# JOKER



## Flame (Apr 3, 2019)

CAN NOT WAIT! This movie is going to be amazing imo.


Put on a happy face


----------



## Veho (Apr 3, 2019)

Well that's different, I have to say. 
One bad day?


----------



## H1B1Esquire (Apr 3, 2019)

Flame said:


> Put on a happy face



Season two just came out, so I will.






P.S. Netflix (ur gonna get wetflix) has the uncensored version, but only season 1.)


----------



## AsPika2219 (Apr 4, 2019)

Sooo.... that's was the beginning of Joker before becomes craziest laughter person ever. 
Smile time!  Meanwhile, Bruce Wayne (the kid) was included this movie, before becomes Batman sooner.


----------



## Alexander1970 (Apr 4, 2019)

And i tought as kid he fell in an chemical basin.

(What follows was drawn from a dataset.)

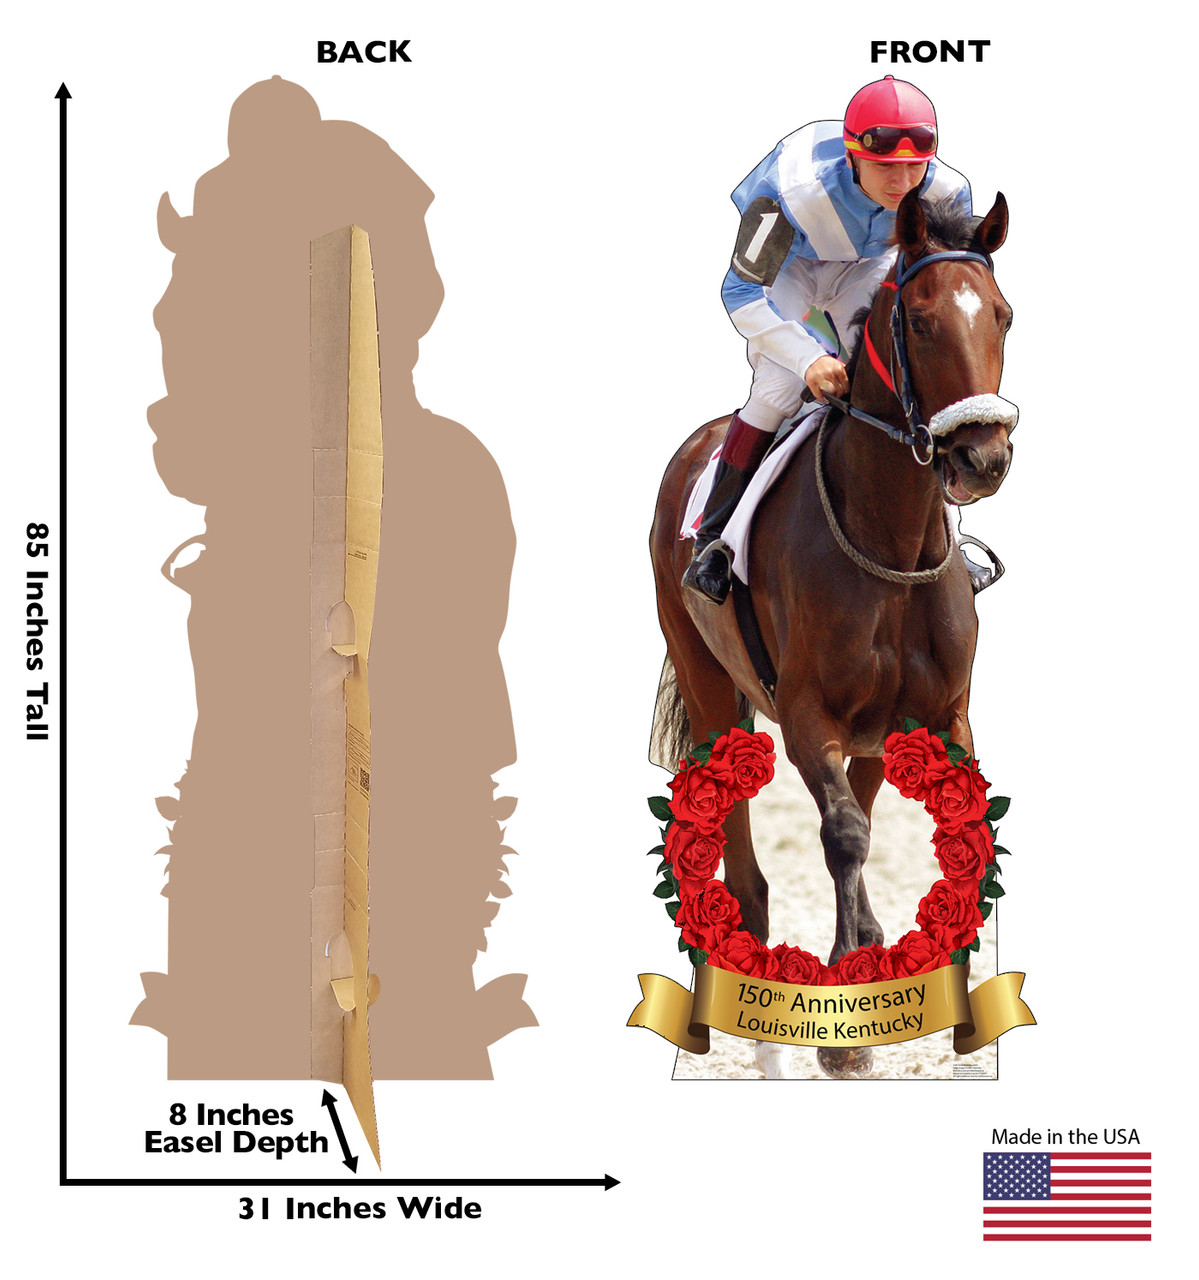 Life-size cardboard standee of a Horse & Jockey 150 yr. Anniversary with back and front dimensions.

I don´t like the Joker anymore after Heath Ledgers "performance".......


----------



## D4X (Apr 4, 2019)

Quite an interesting trailer! Didn't think much of this when it was first announced even though I like Joaquin Phoenix, but the trailer has me intrigued.


----------



## GhostLatte (Apr 13, 2019)

Looks really good!


----------



## Robski808 (Apr 20, 2019)

Bet it will be awesome.


----------



## Deleted User (Apr 20, 2019)

I was pretty doubtful at first, but that trailer's made me cautiously optimistic.


----------



## zomborg (Apr 22, 2019)

My wife will enjoy this but I'm with alexander1970. To me only the original origin story will do.


----------



## Veho (Aug 28, 2019)

​


----------



## Flame (Sep 2, 2019)

its getting great ratings. looks like its going to be a hit and a great movie.


----------